When a well is drilled, it is very common for there to be multiple “trips”, where a smaller bit size is used on each successive entry. As a result a caliper curve merged between logging runs will be stepped, as shown in this caliper vs. depth plot:
In order to assess whether our writeline data are valid or not, we need to compare the caliper to the bit size. The problem is that commonly bit size information is not available or is buried in rasterized records. When it is recorded in well metadata, it may not be precise (for any number of reasons, for example drilling depth and wireline depth being slightly different due to variable stretch on the drill pipe versus the wireline tool), or it wasn’t recorded properly by the sleep-deprived logging engineer, or it may be incomplete (“I see bit size for the shallow section, but what about the deeper part of the hole?”).

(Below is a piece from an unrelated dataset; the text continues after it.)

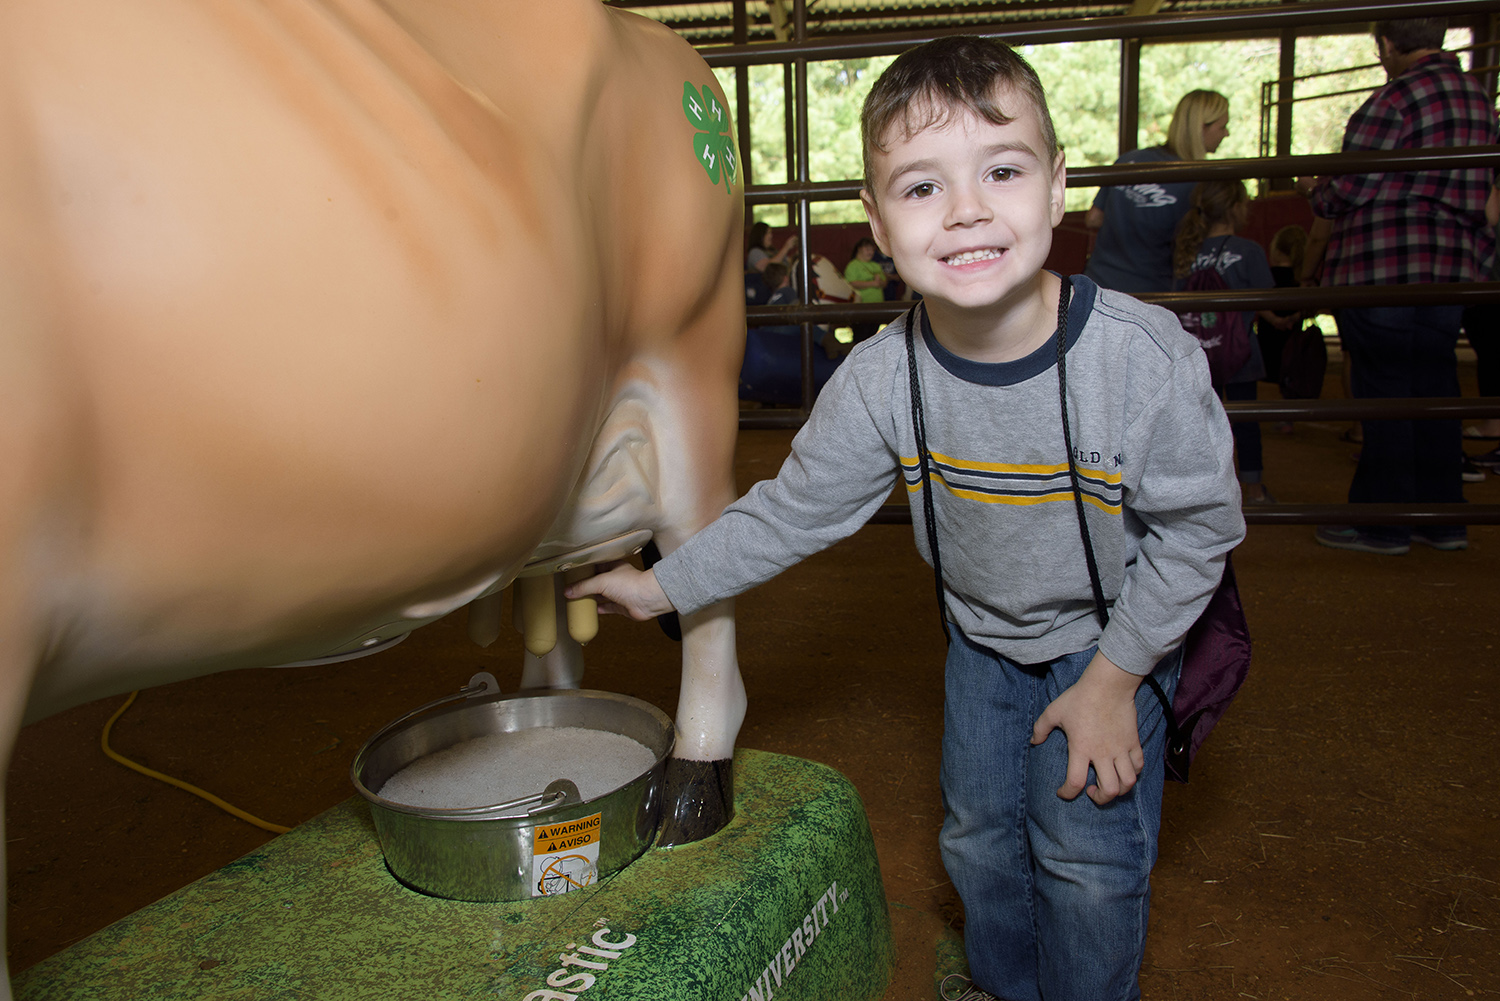 A young child squeezes the mechanical cow’s teat that simulates an udder to demonstrate the milking process. 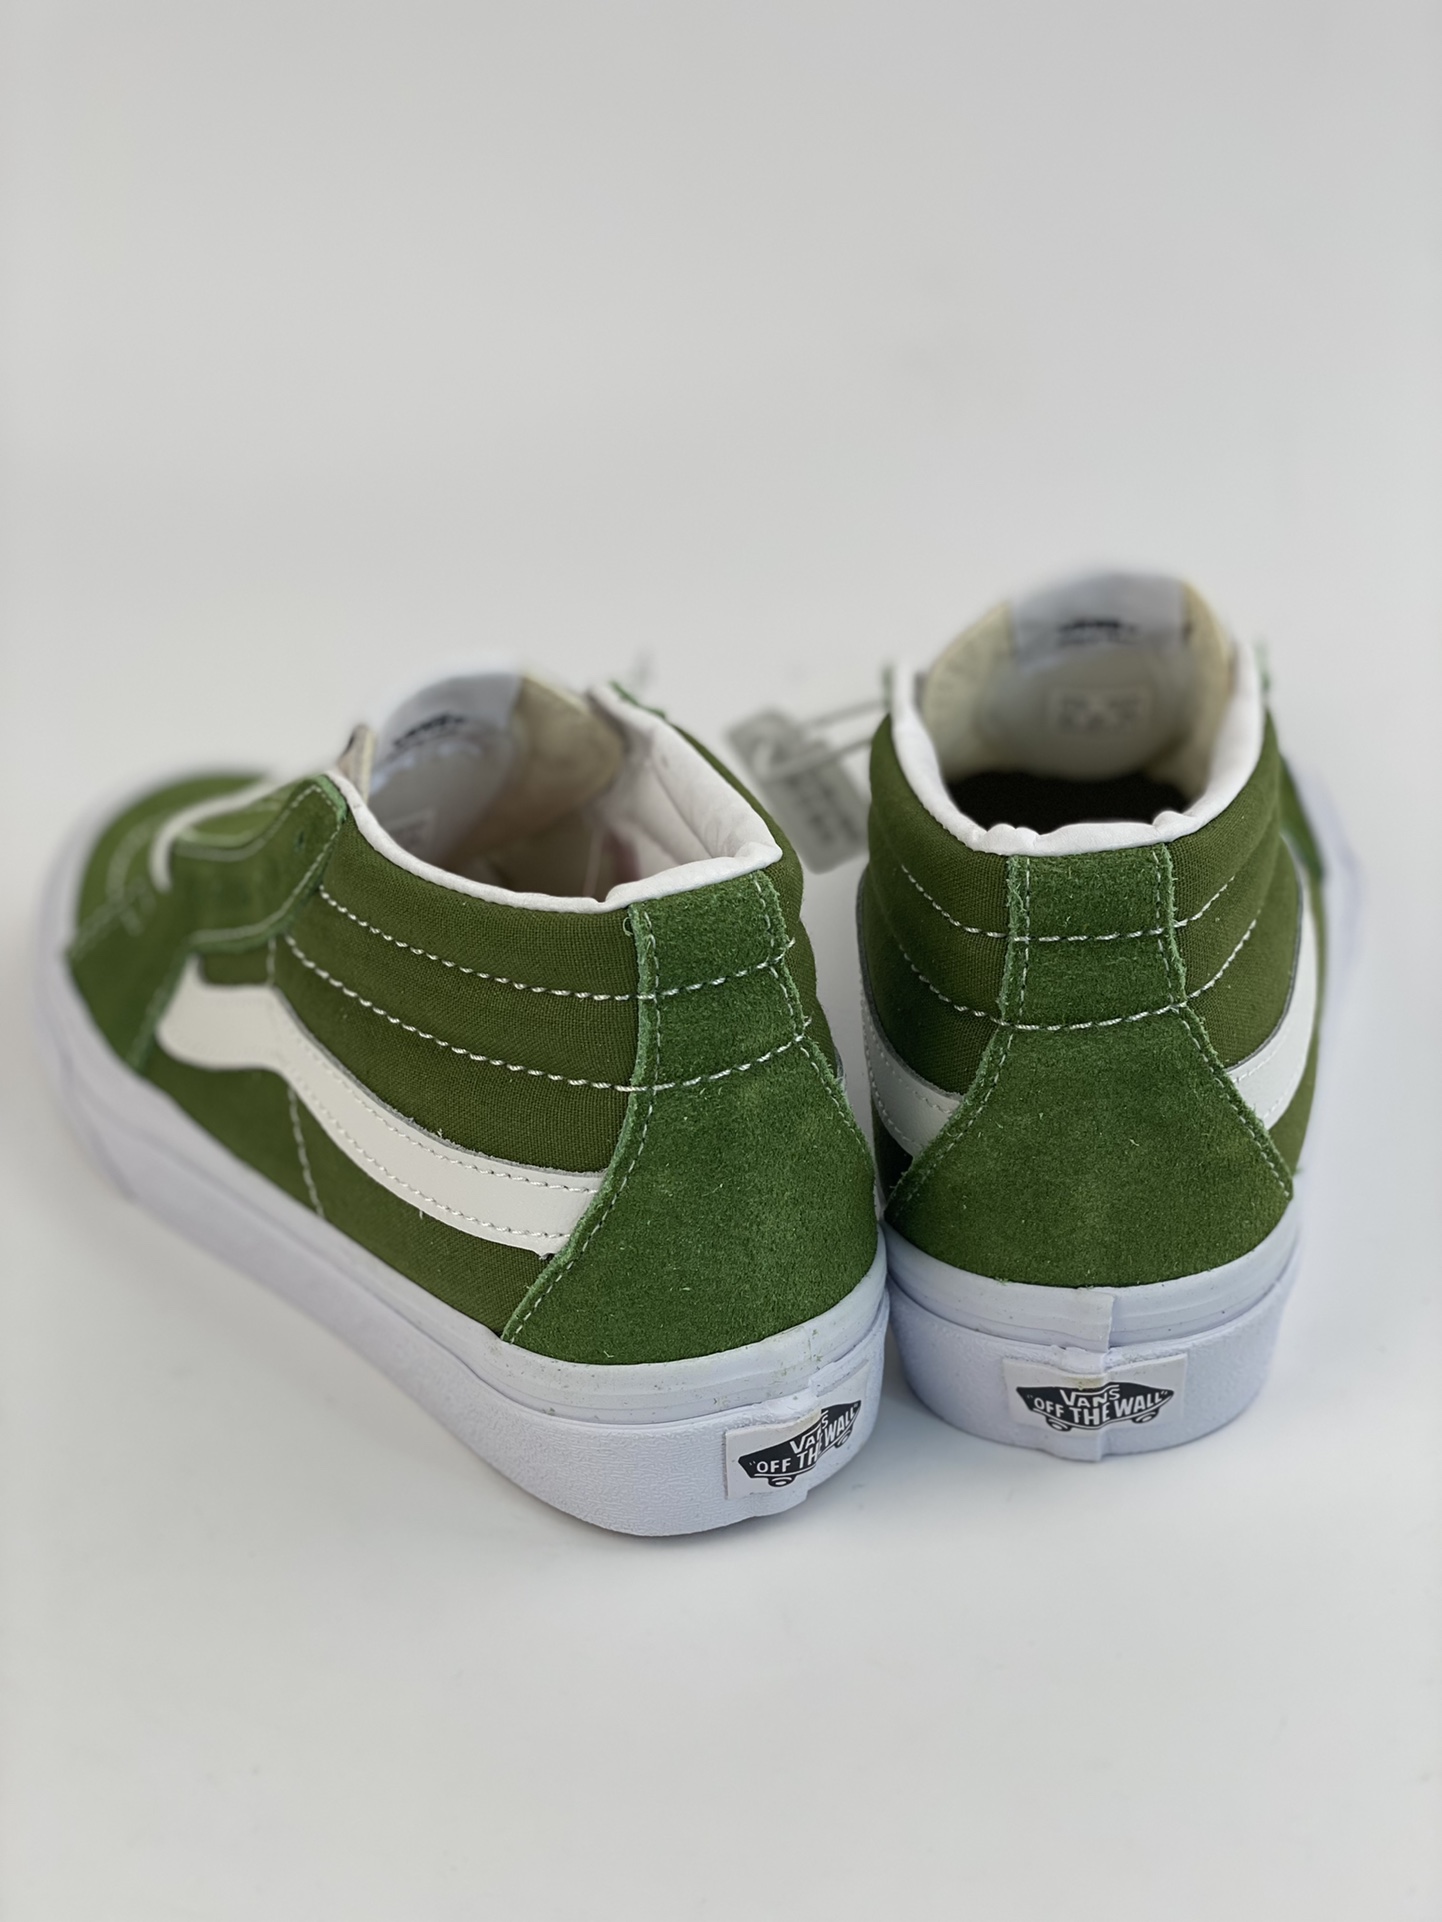 VANS SK8-MID Matcha Green mid-top is made of high-quality suede + canvas material VN0A3WM3609

In this post, I document one method of estimating bit size directly from the caliper curve using a chagepoint detection algorithm and some pandas
magic.
Set up
First we use lasio
, a good library by Kent Inverarity for working with LAS files as python objects, to create a las
object. lasio
also has a method for creating a pandas
DataFrame from the LAS file ~A
data section.
import lasio
import pandas as pd
las = lasio.read('example_caliper.LAS')
df = las.df().reset_index()
Note that while traditionally LAS files are tied to depth, I will be working with the DataFrame index. The x-axes in the following plots can be thought of as log depth; only, divide by 2 to get the actual depth, since the depth step is 0.5 ft (one sample every half foot).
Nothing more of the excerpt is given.